▶ SOURCE MATERIAL:
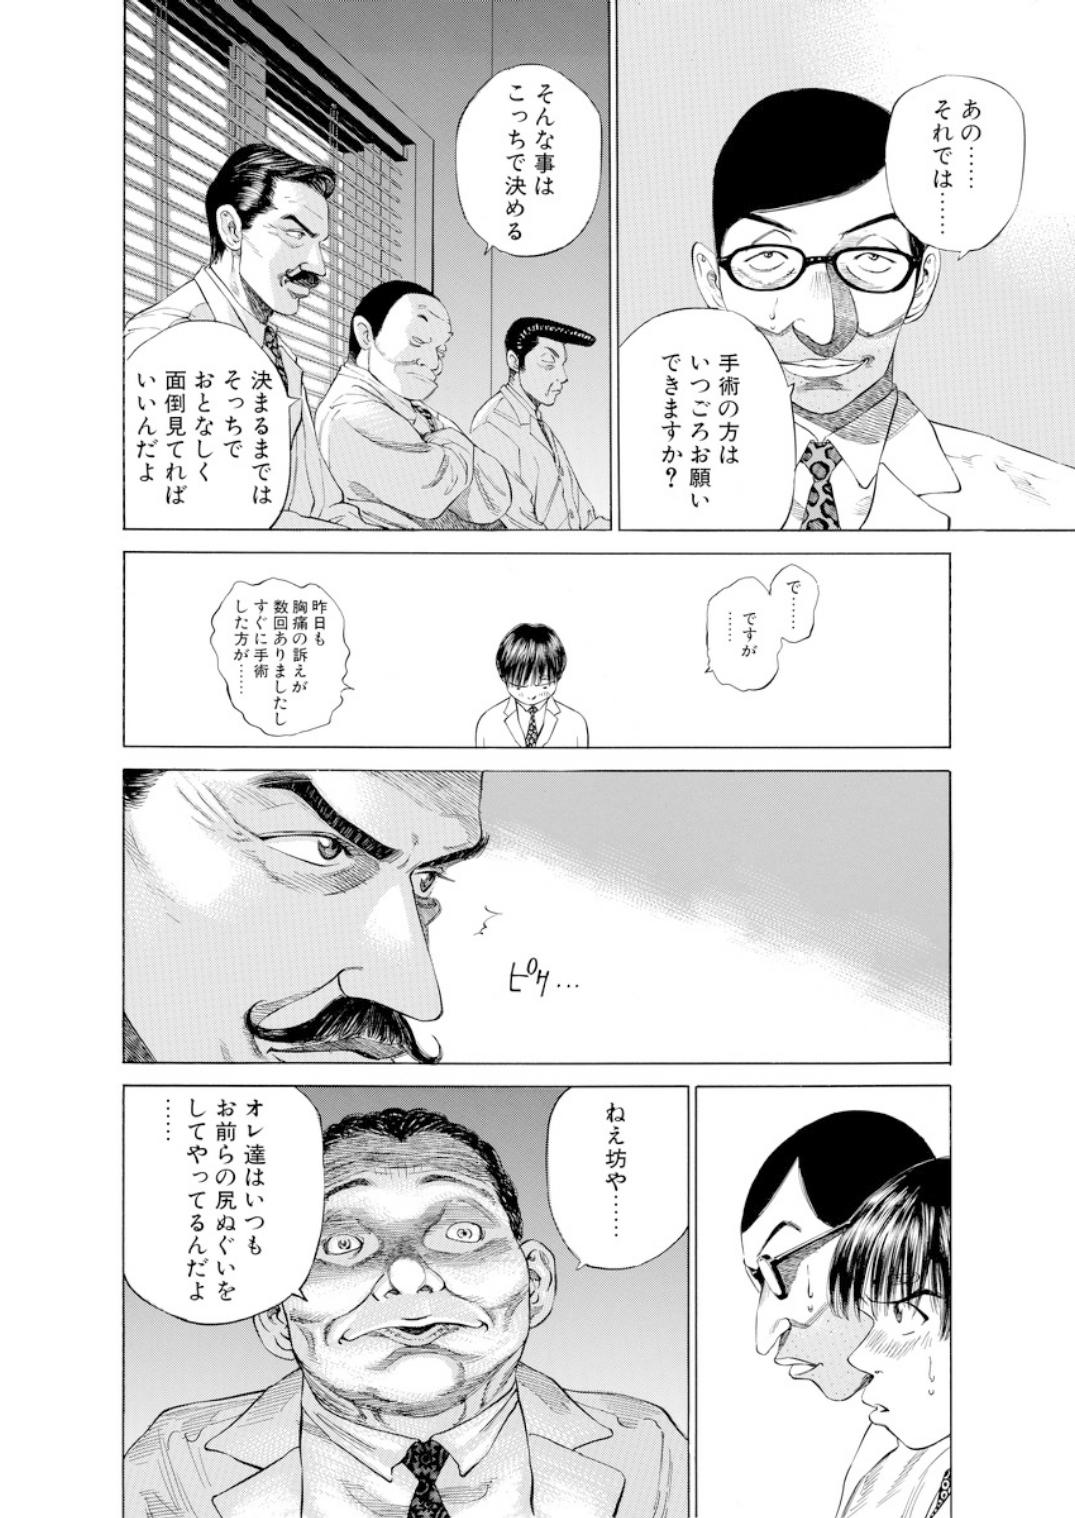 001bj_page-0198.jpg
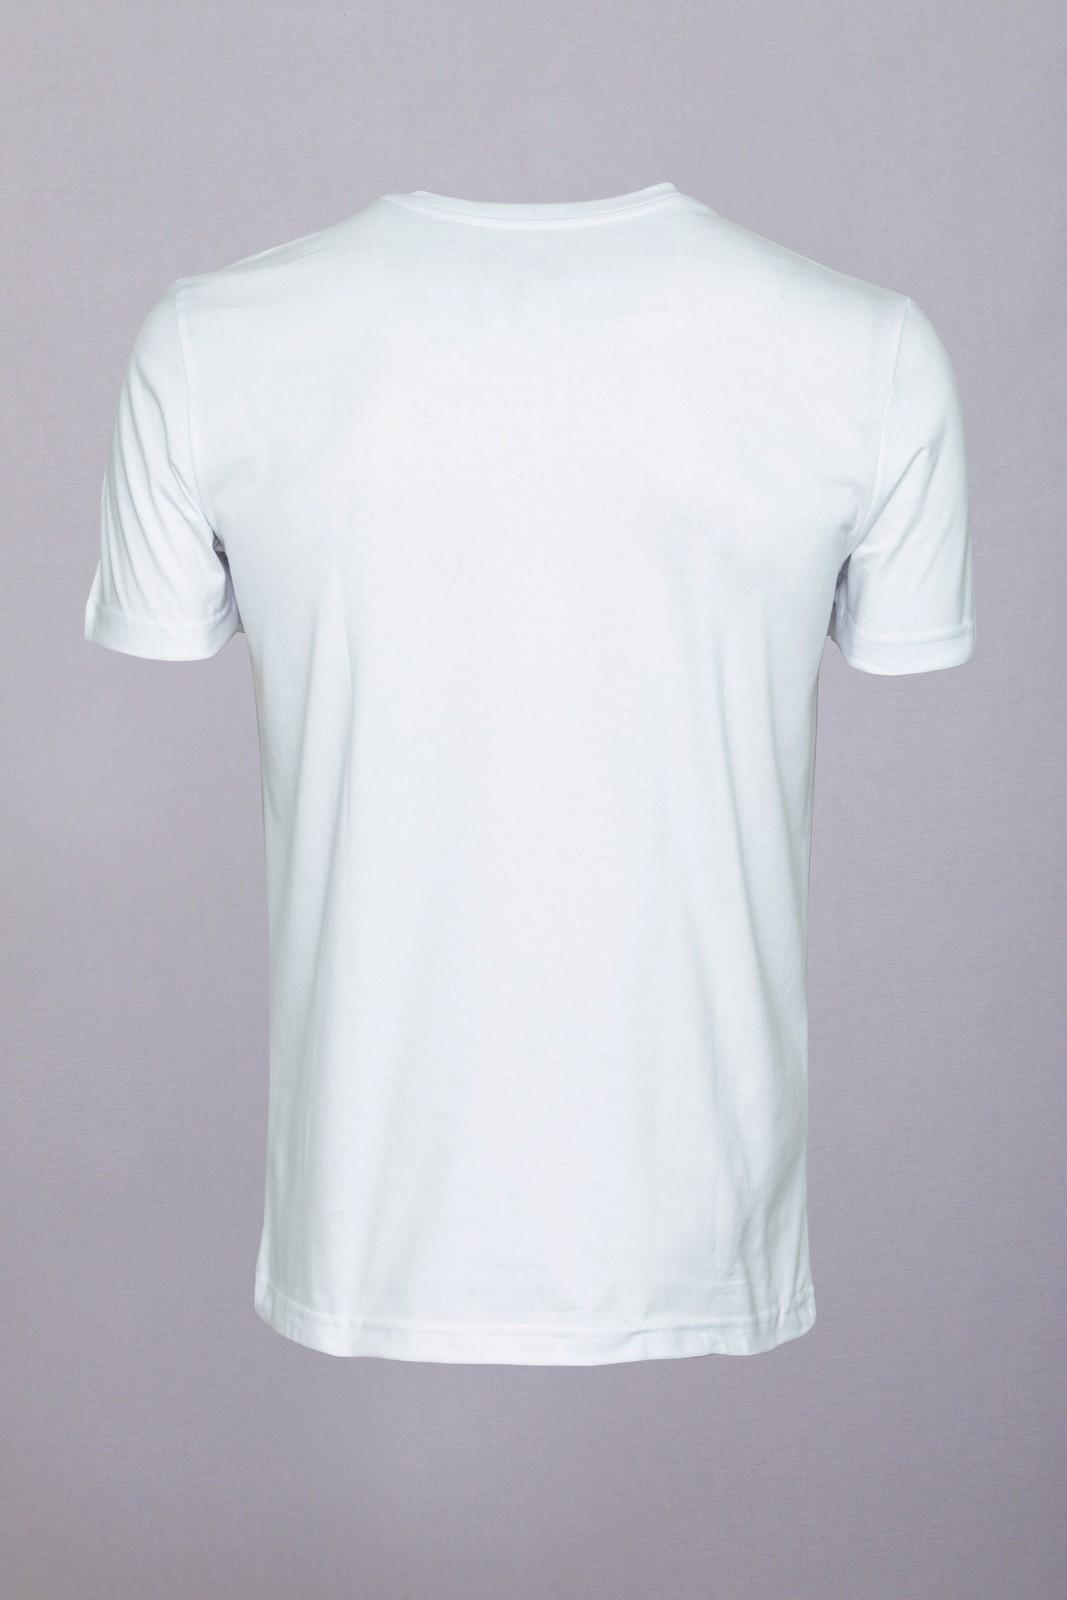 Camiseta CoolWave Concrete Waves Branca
...
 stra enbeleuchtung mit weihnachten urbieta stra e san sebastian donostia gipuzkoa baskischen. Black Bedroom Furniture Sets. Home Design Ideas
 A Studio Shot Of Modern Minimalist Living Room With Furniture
==
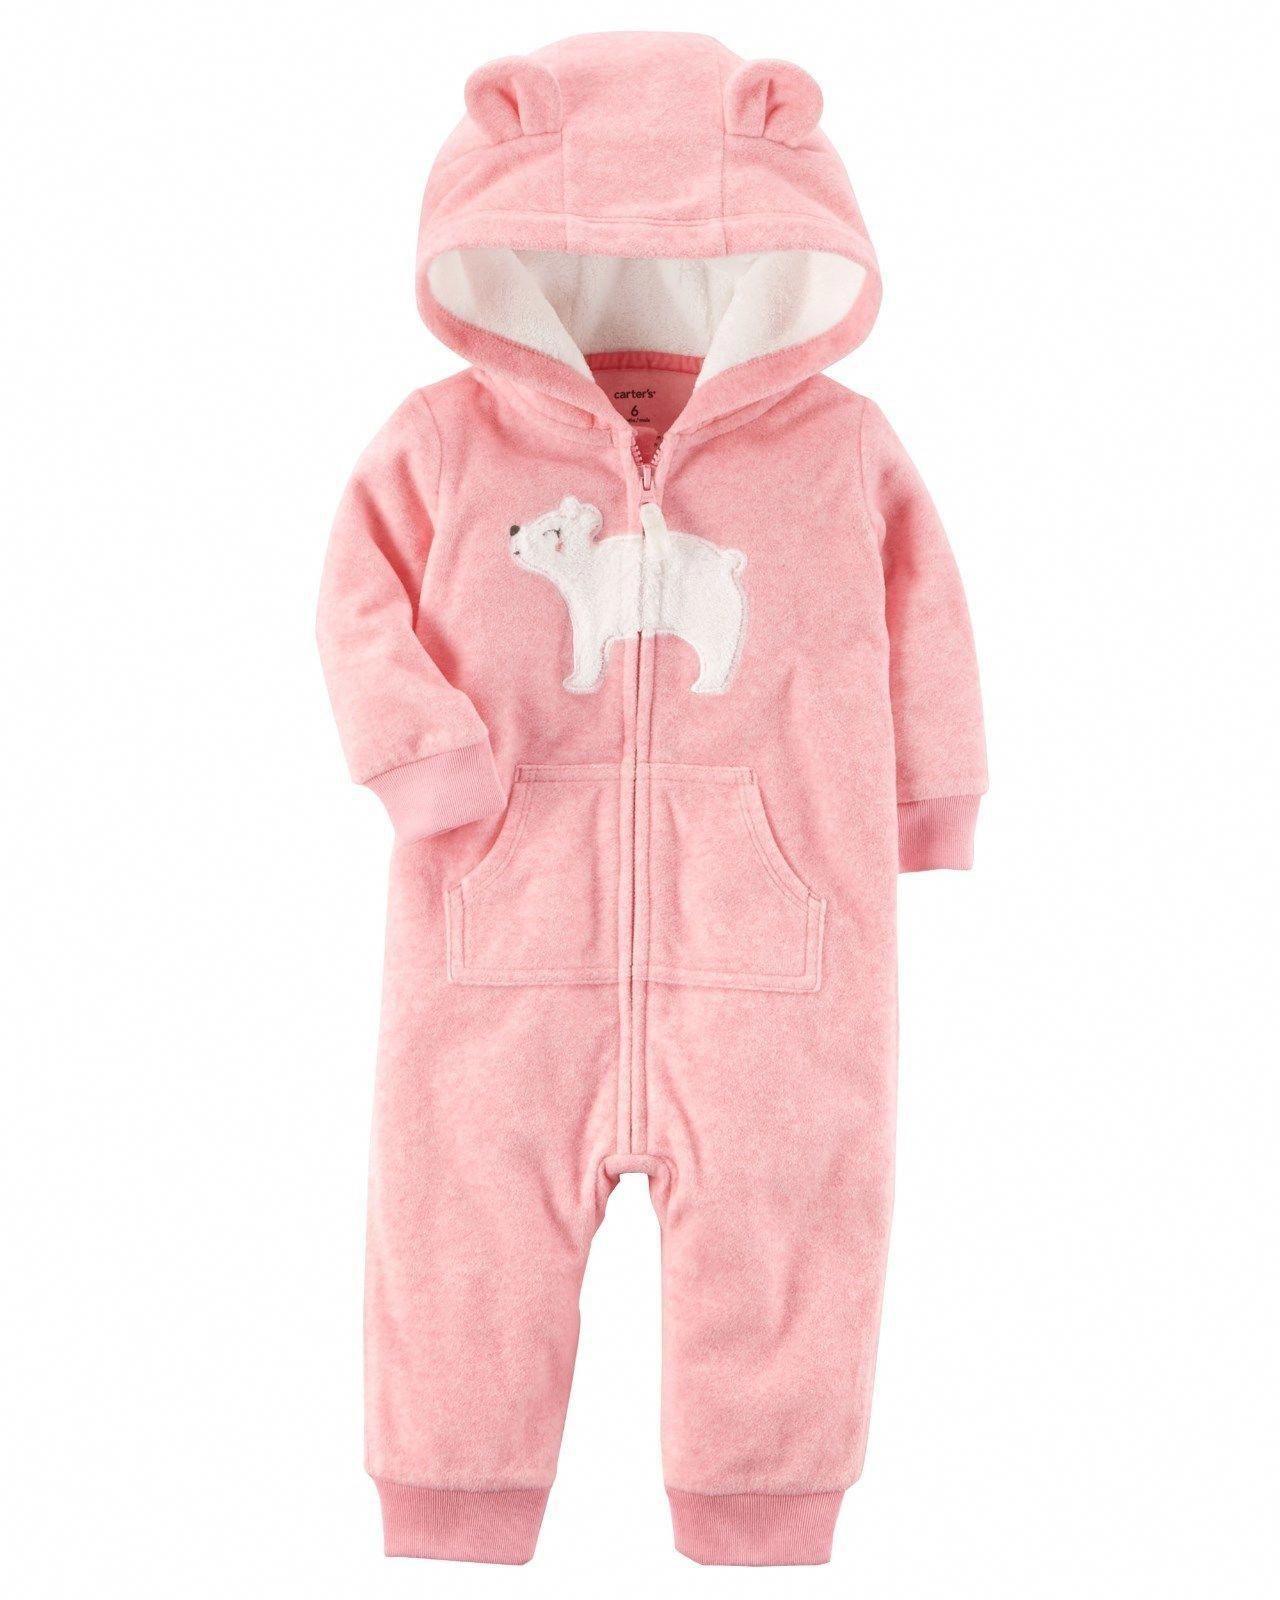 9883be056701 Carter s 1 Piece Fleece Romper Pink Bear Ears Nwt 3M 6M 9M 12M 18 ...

▶ ACTIVITY: After reading the records above, say how many lines hold the string "Furniture", using only a number.

▶ EXERCISE RESPONSE: 2